Why Microsoft's Surface Team Should Warm Up to Android

by Ostatic Staff - Jan. 11, 2013

If you've tried the new Surface tablets that work with Microsoft's Windows 8 Metro interface, you may have taken to the interface, but buyers of these tablets have to ask where the apps for them are. Microsoft is well behind Apple and the Android platform in terms of creating a healthy ecosystem for apps. There are reports, though, that Surface tablets could begin to run Android apps, and if they do, that could create a healthy market for them in a way that Microsoft probably never considered.

BlueStacks App Player has been available for some time for Windows users who want to run Android apps on PCs. And late last year, BlueStacks App Player appeared in a version for Mac users.  Basically, BlueStacks lets you run Android apps through emulation.

In a post called "Could Android Save Microsoft's Surface?,"  TechRadar U.K. reports:

"Imagine if every Windows 8 tablet could run Android apps - apps designed specifically for touchscreen devices, apps that don't require you to wait until the developers decide whether Windows is worth the effort, apps that aren't available in the Windows Store.
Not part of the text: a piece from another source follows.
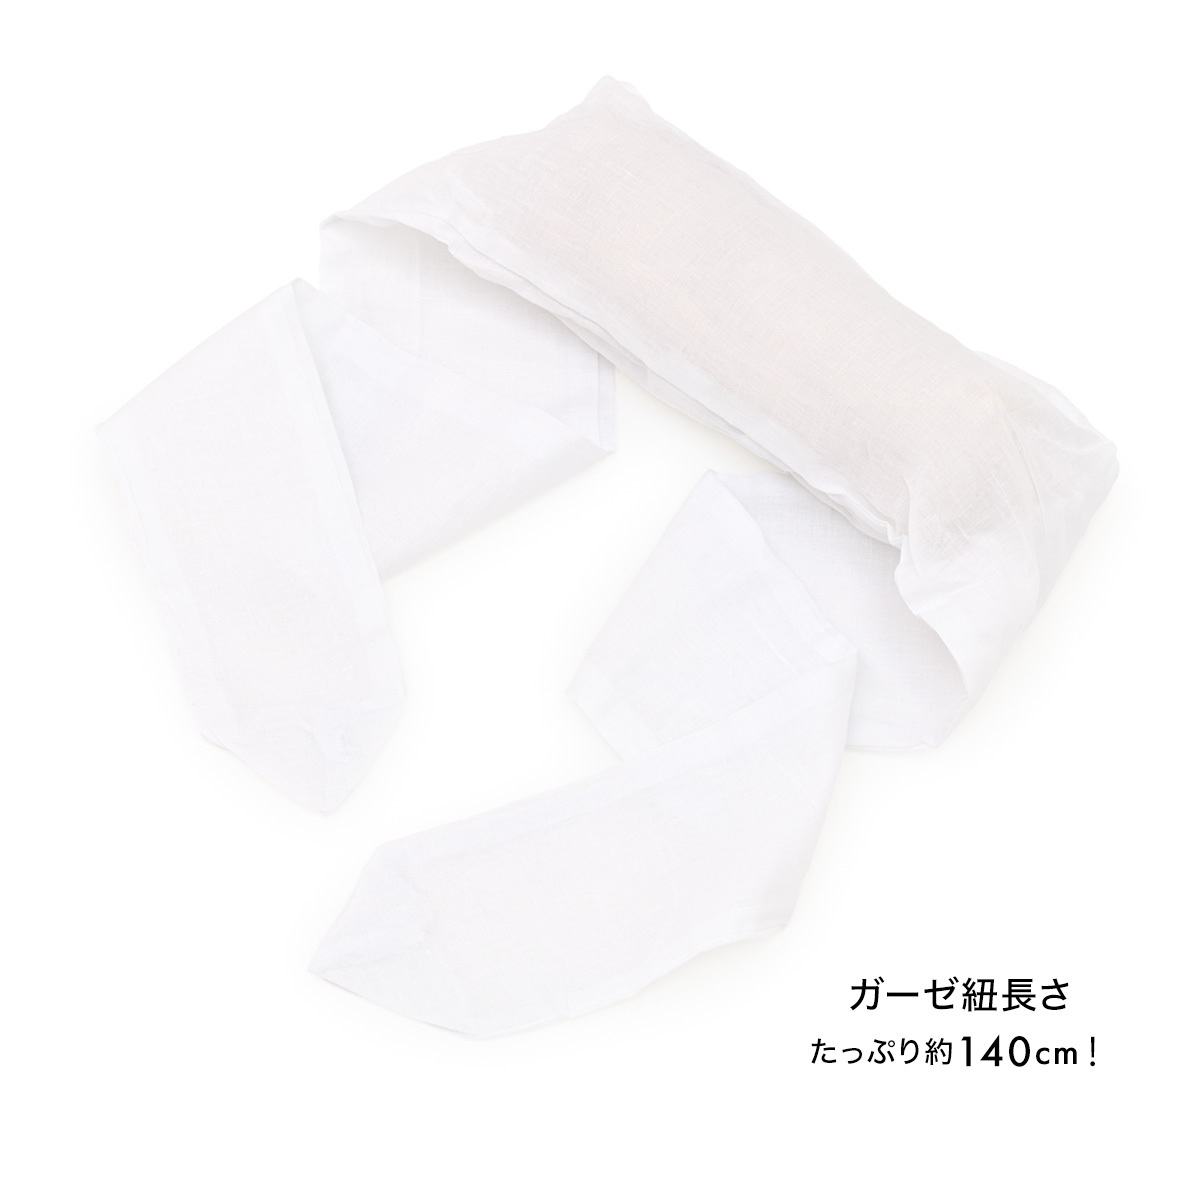  obi подушка ... летний натуральный материалы ... obi ... марля наматывать белый белый губчатая тыква нить . легкий удобные аксессуары гардеробные аксессуары аксессуары для кимоно

Wouldn't that be great?"

"Lenovo certainly thinks so: it's just signed a deal to put BlueStacks' Android emulator on around 40 million Windows machines - and it's not the only one, as BlueStacks has also signed deals with AMD and MSI."

Android's barnstorming success on smartphones has been driven by a healthy ecosystem for apps, and Microsoft's tablets could suddenly have an open door to the same ecosystem with BlueStacks' technology.

There is just one problem: It's very much not part of the Microsoft culture to consider the benefits of allowing users to run multiple operating systems on individual PCs. Slowly but surely, the company has realized that it has to cater to multiple operating systems in data centers and through virtualization. But that has come by force.

Because BlueStacks runs Android apps through emulation, Surface tablets could run Android apps as well as apps created for Windows 8 and Surface. It would be the best of both worlds. Will Microsoft take kindly to the idea? We'll see.